● **WHAT THIS TASK INVOLVES**
Retype, word for word, the line holding "Superb Milano Lounge" and each line after it down to the end of the data; pictures are not copied.

● **COLLECTED DATA**
——————

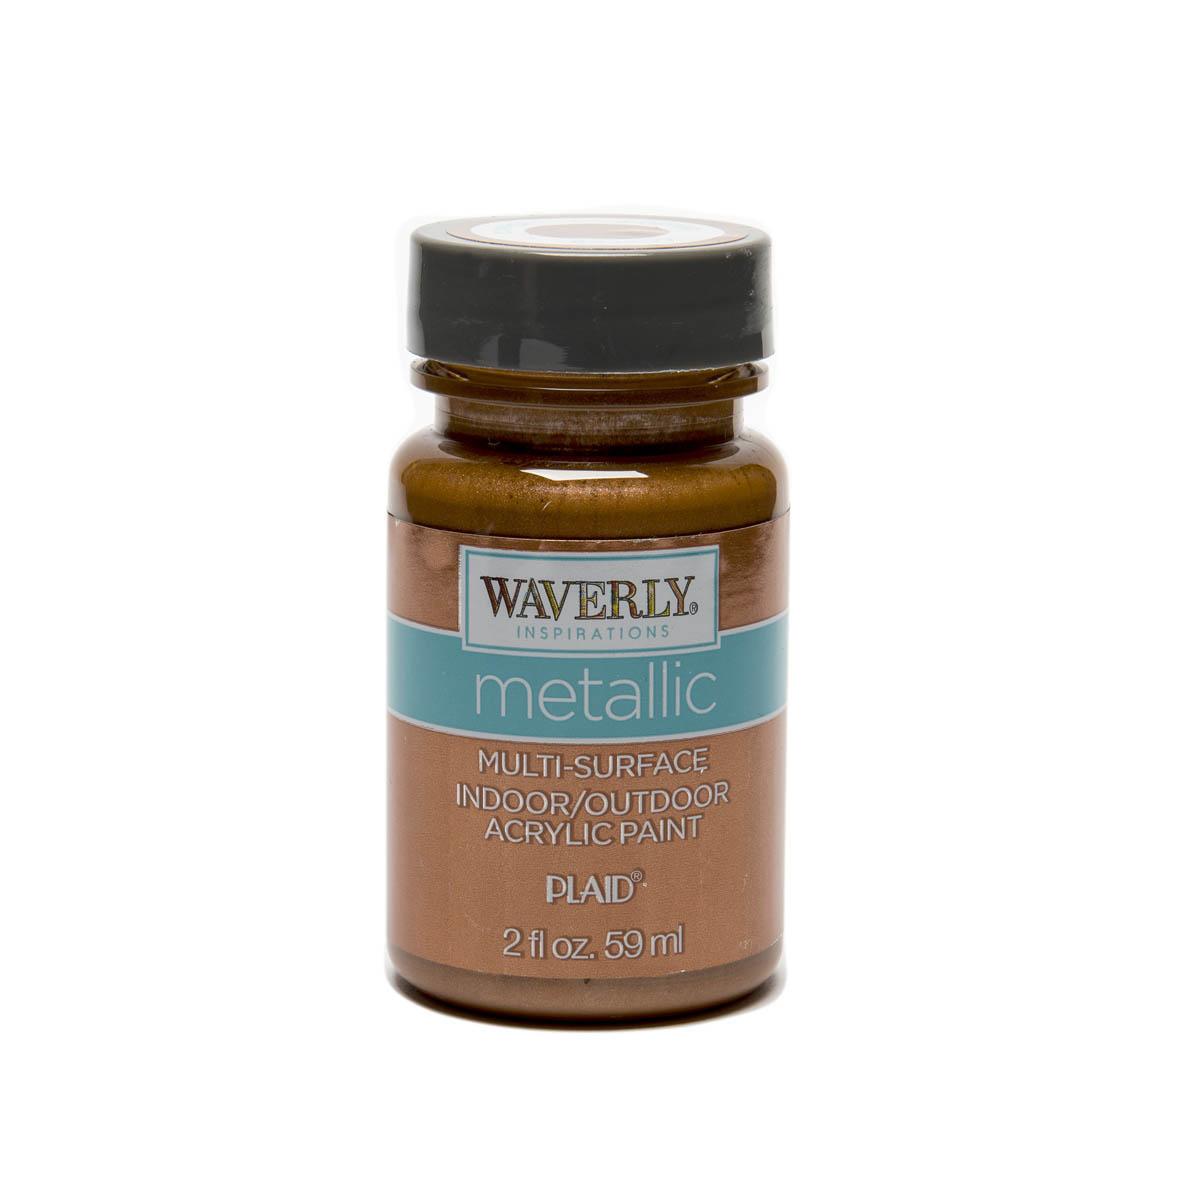 Waverly ® Inspirations Metallic Multi-Surface Acrylic Paint - Copper, 2 oz.
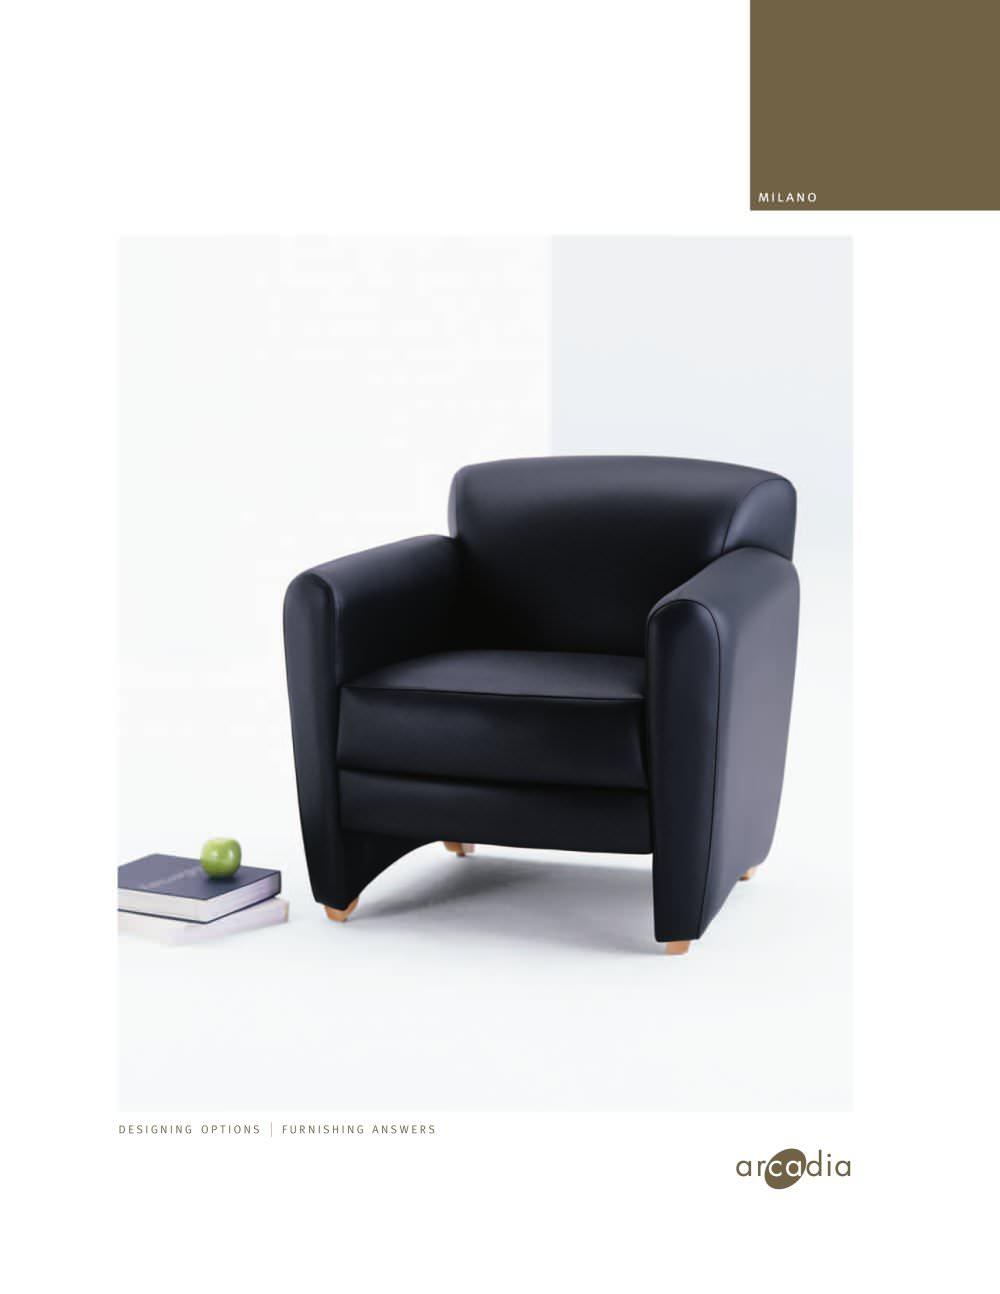 Superb Milano Lounge Arcadia Pdf Catalogs Technical Documentation Beatyapartments Chair Design Images Beatyapartmentscom
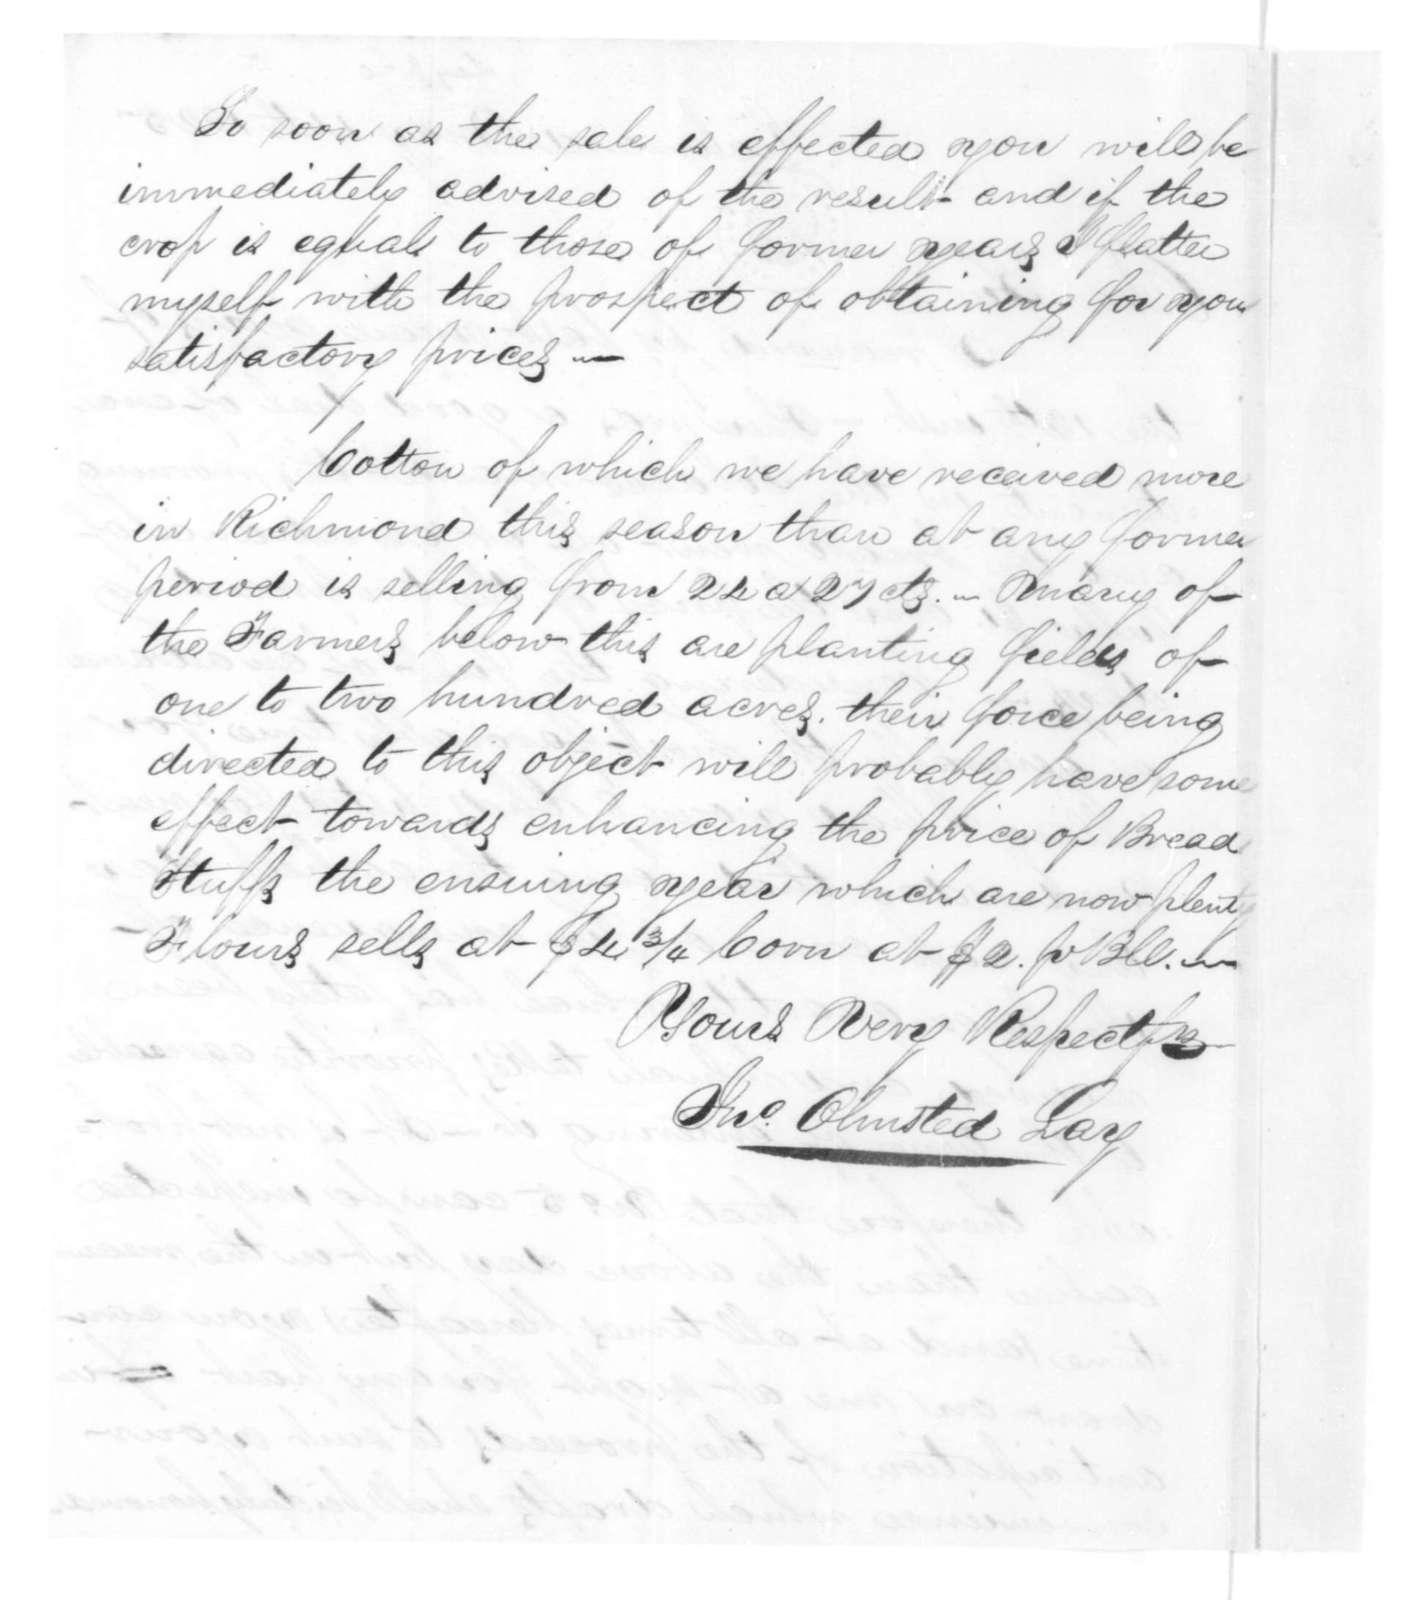 John Olmsted Lay to James Madison, May 14, 1825.

——————

● **RESULT OF THIS TASK**
 Superb Milano Lounge Arcadia Pdf Catalogs Technical Documentation Beatyapartments Chair Design Images Beatyapartmentscom
 John Olmsted Lay to James Madison, May 14, 1825.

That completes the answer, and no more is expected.